_What you are asked to do:_ In the data below, the copy begins at the line containing "Jacques de Seve" and runs through the last line; repeat those lines exactly, minus the pictures.

_Collected material:_
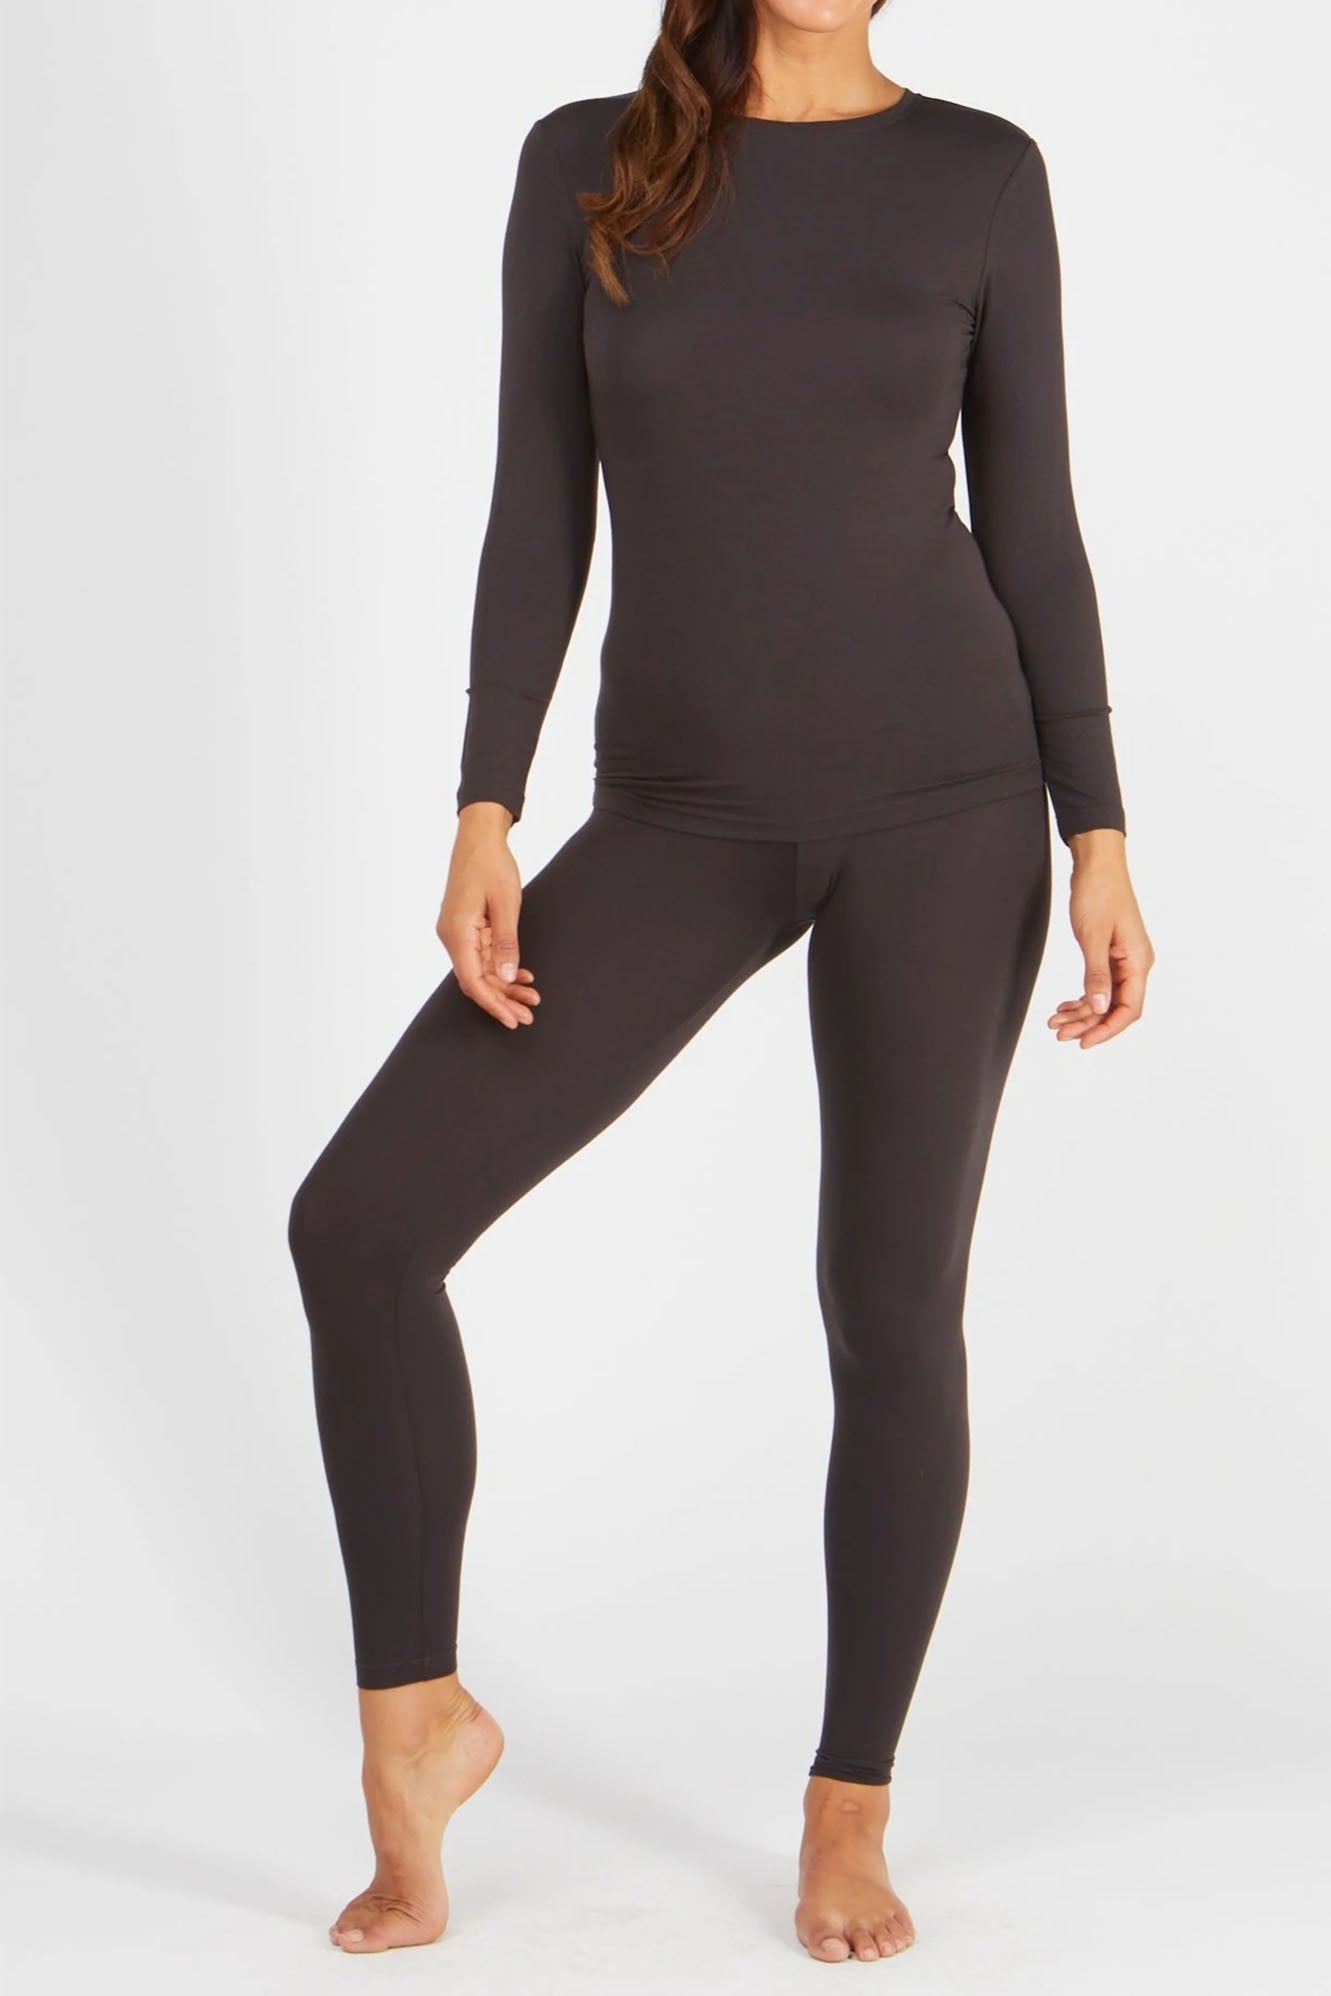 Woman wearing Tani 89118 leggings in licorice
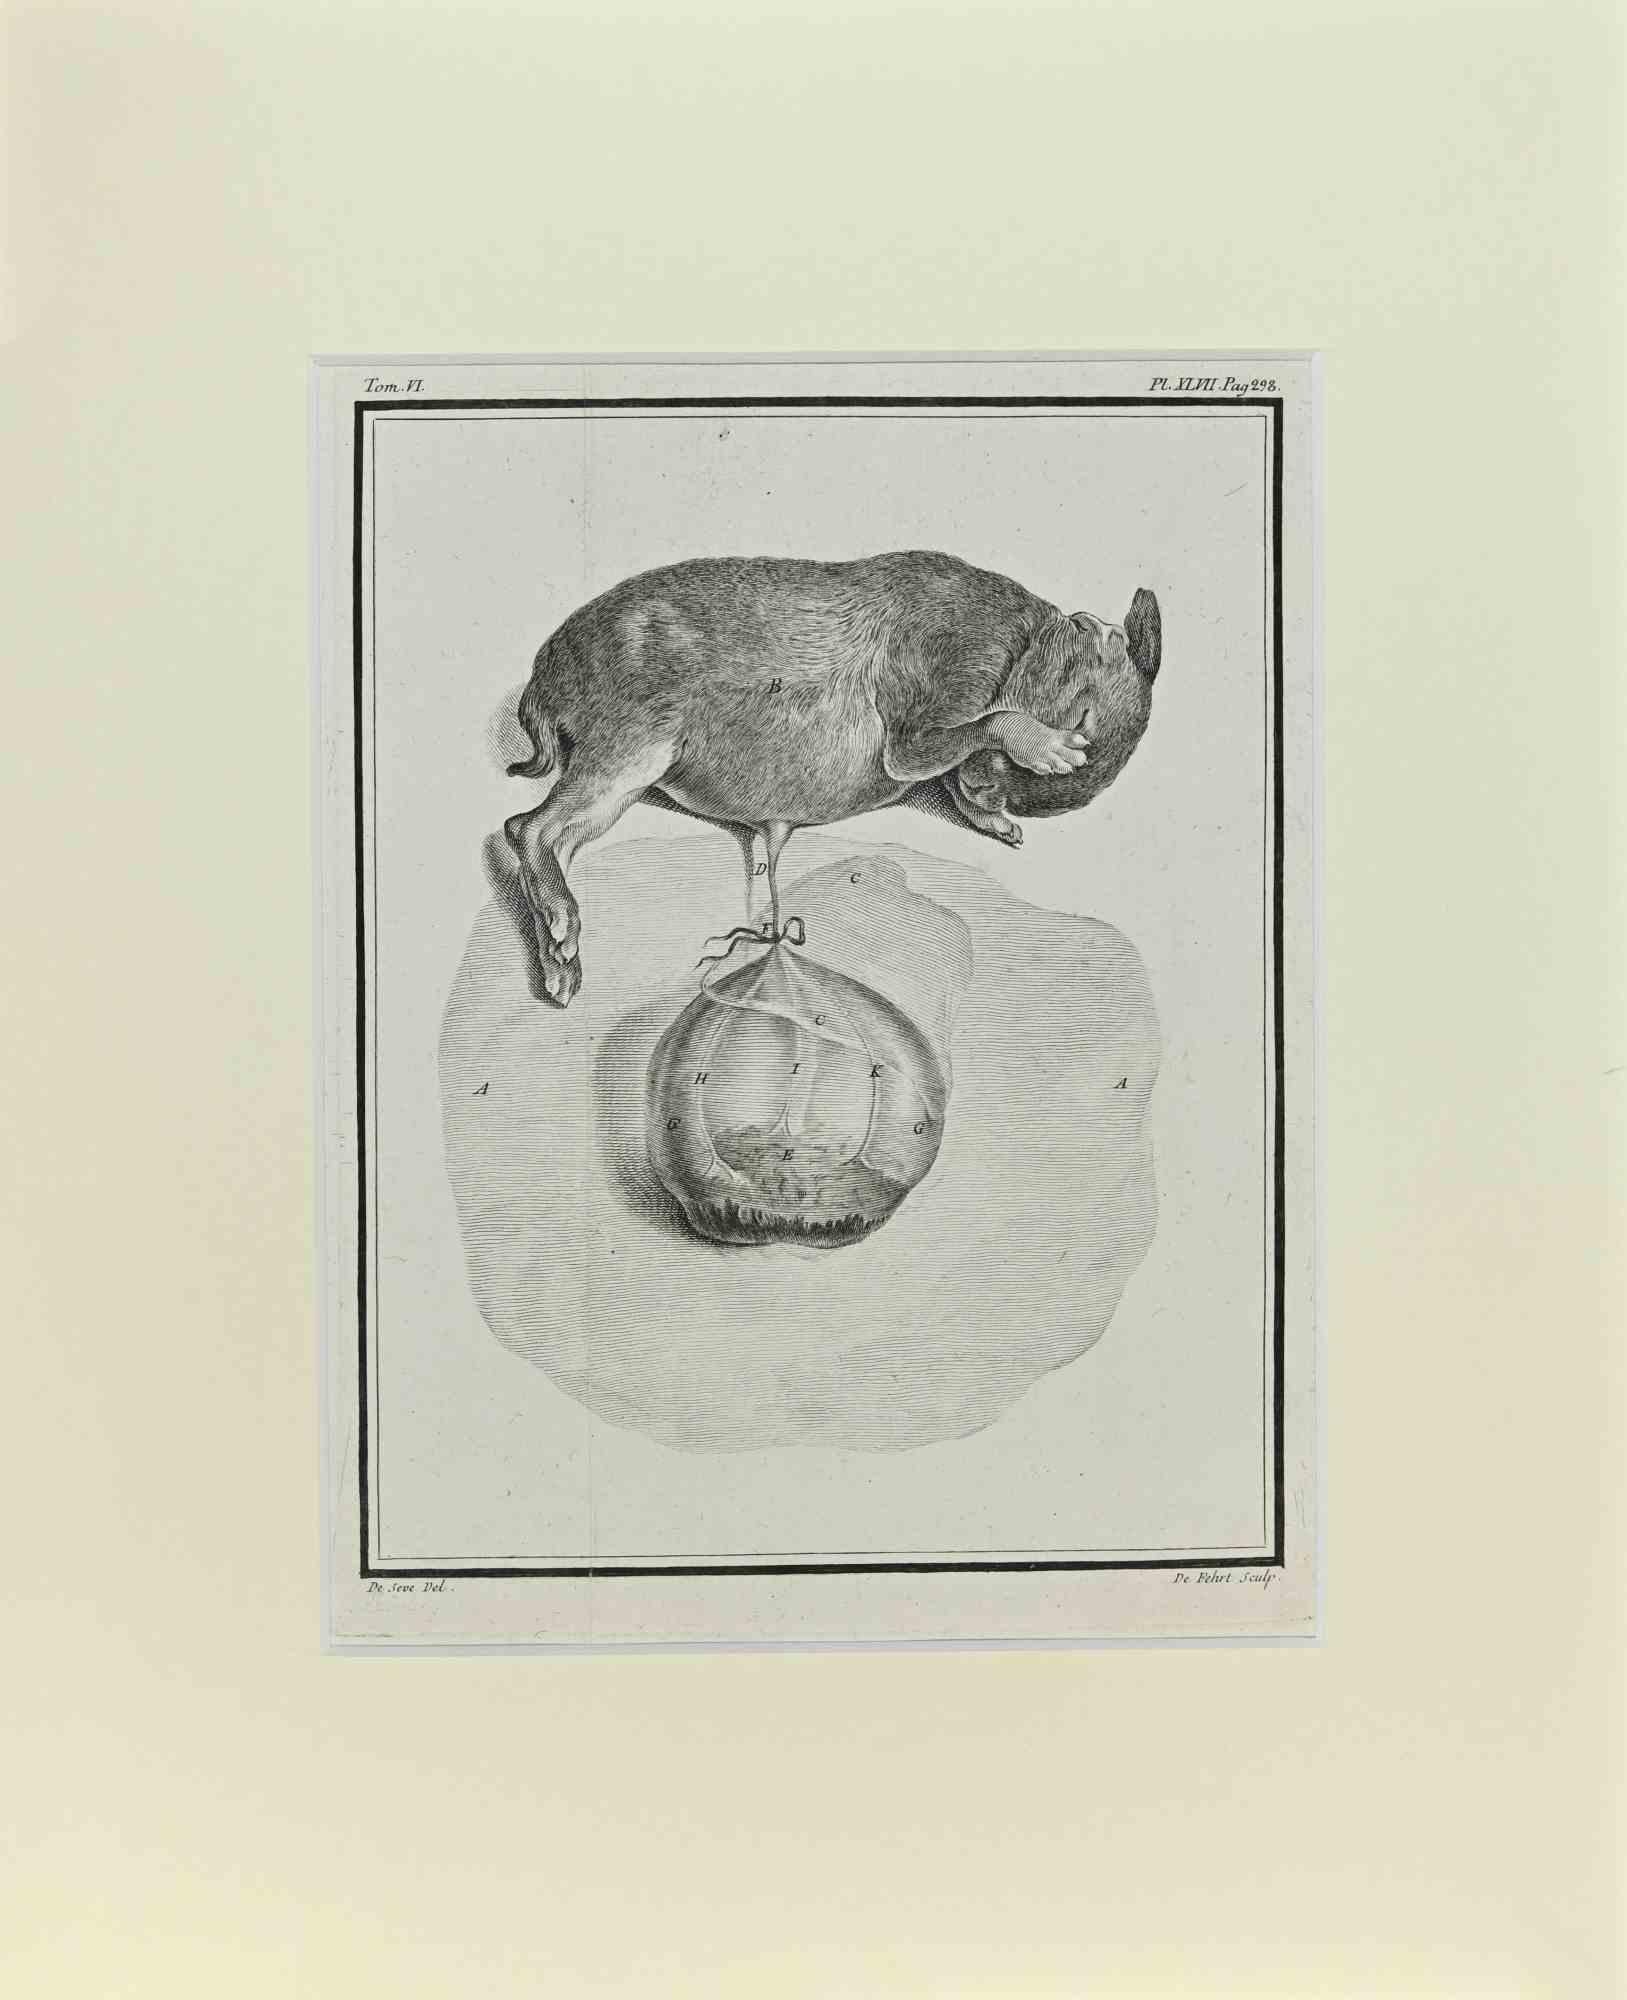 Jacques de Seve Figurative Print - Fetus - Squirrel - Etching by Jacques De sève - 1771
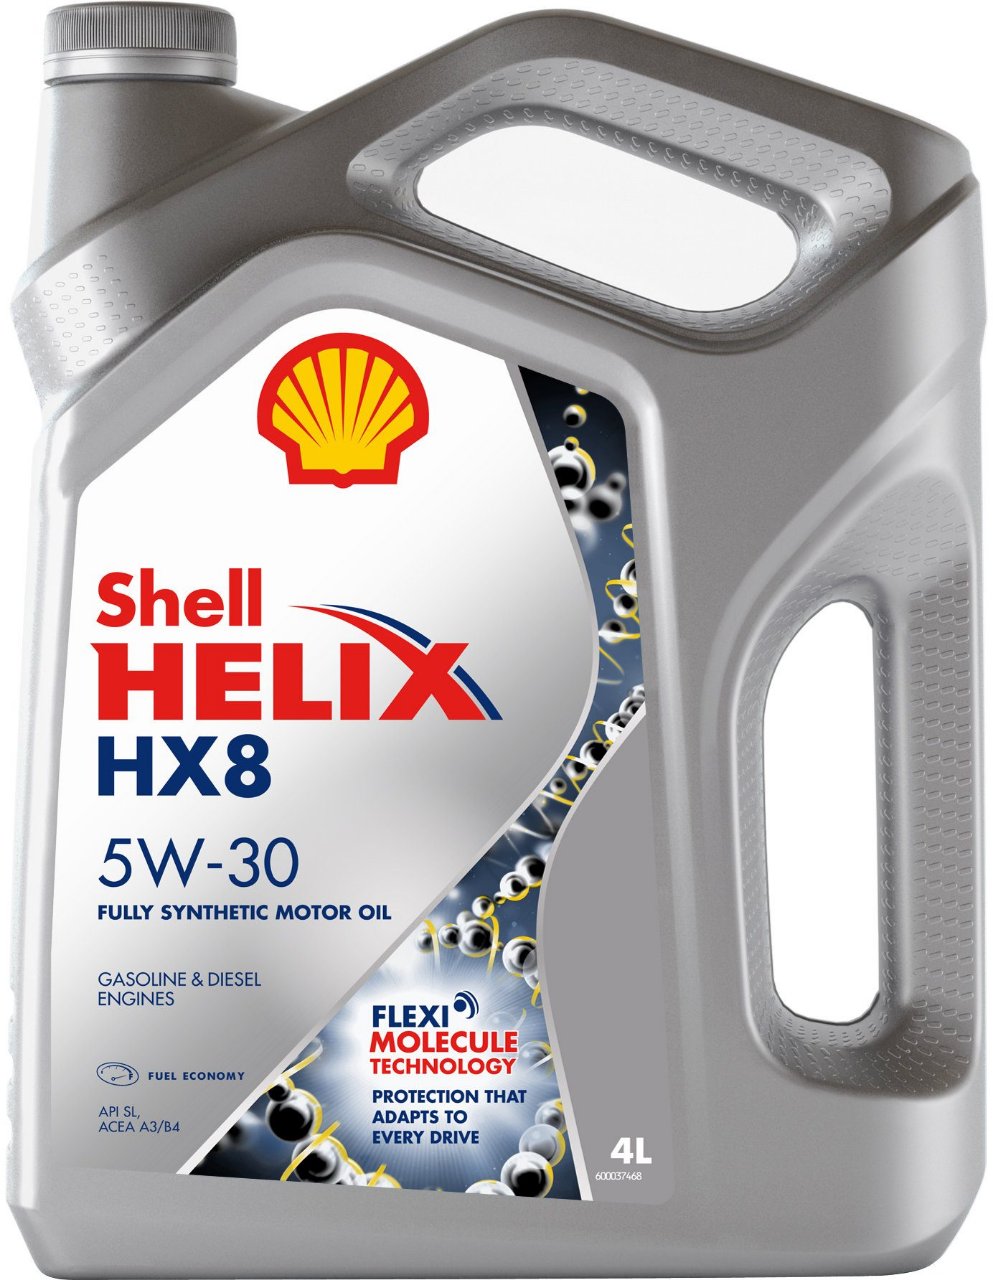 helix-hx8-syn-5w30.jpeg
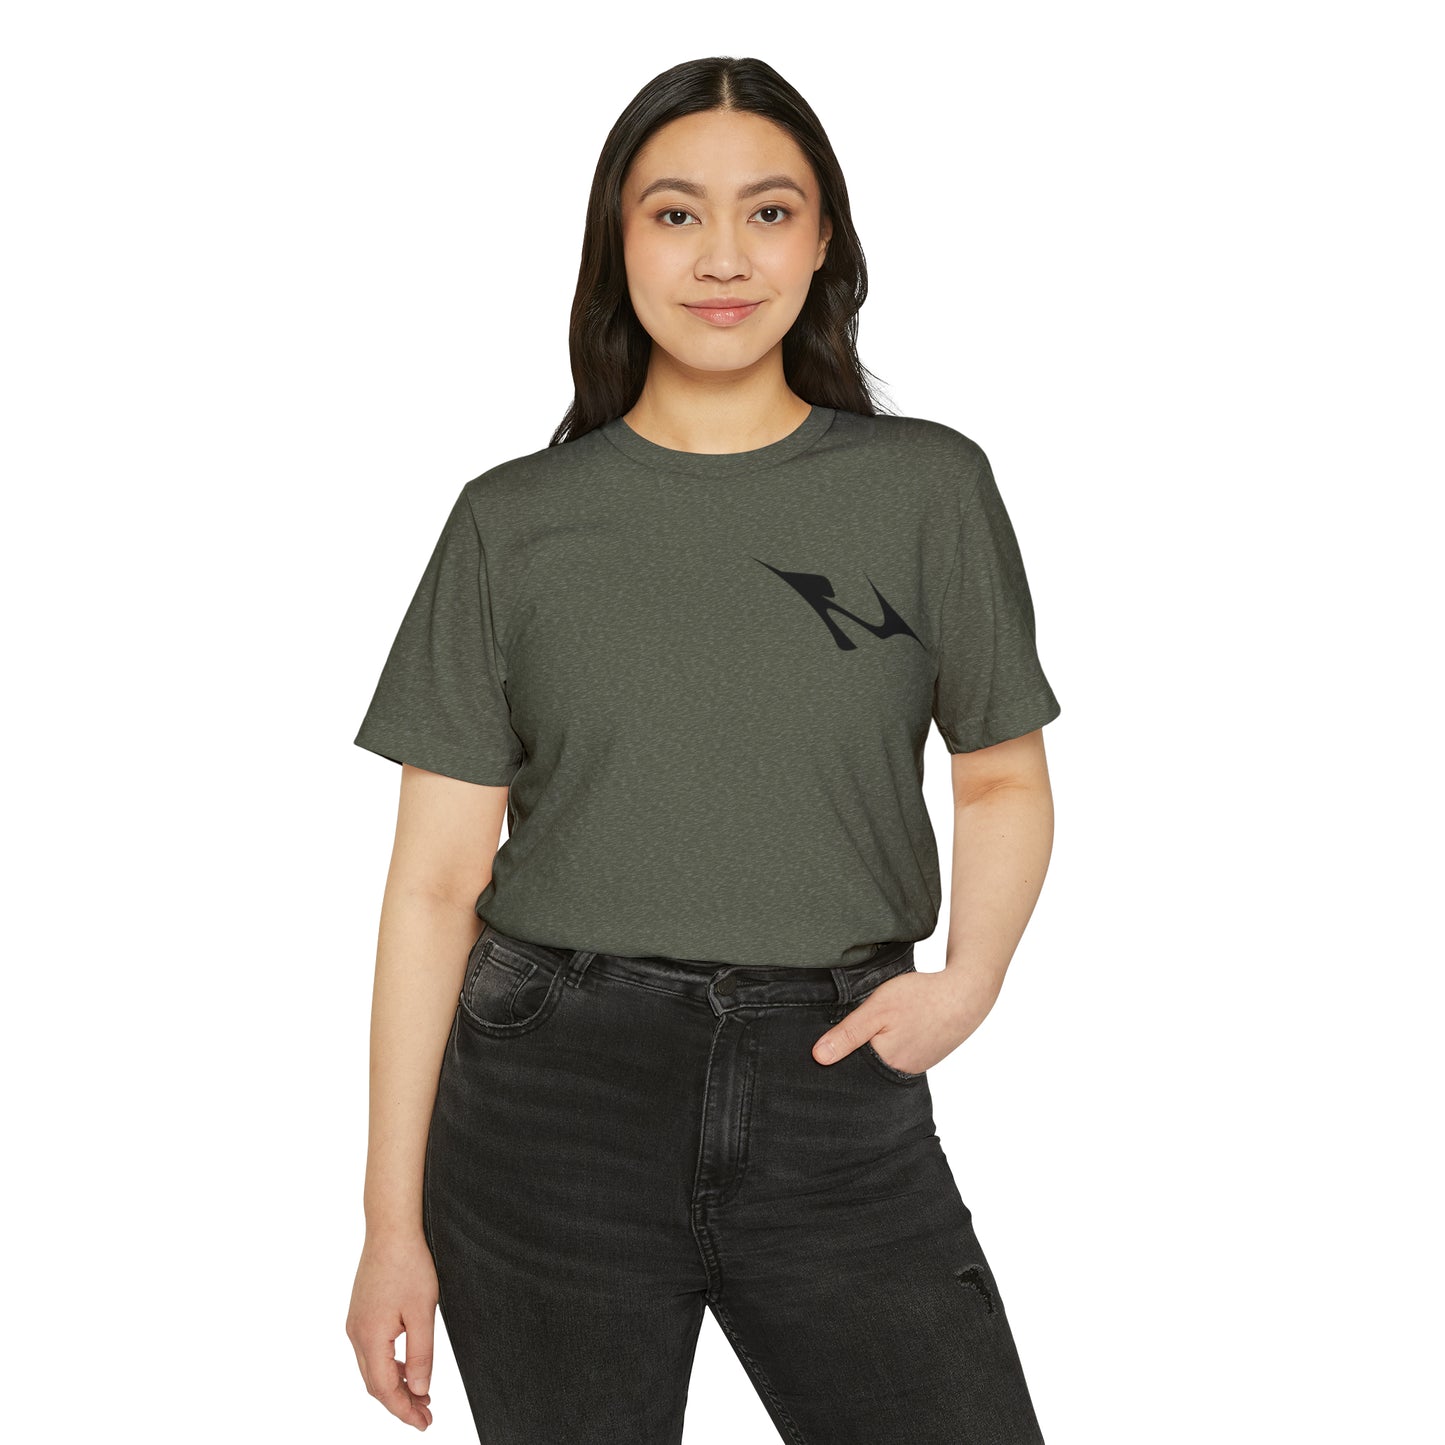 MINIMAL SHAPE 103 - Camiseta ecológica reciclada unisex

_Response to this exercise:_
 Jacques de Seve Figurative Print - Fetus - Squirrel - Etching by Jacques De sève - 1771
 helix-hx8-syn-5w30.jpeg
 MINIMAL SHAPE 103 - Camiseta ecológica reciclada unisex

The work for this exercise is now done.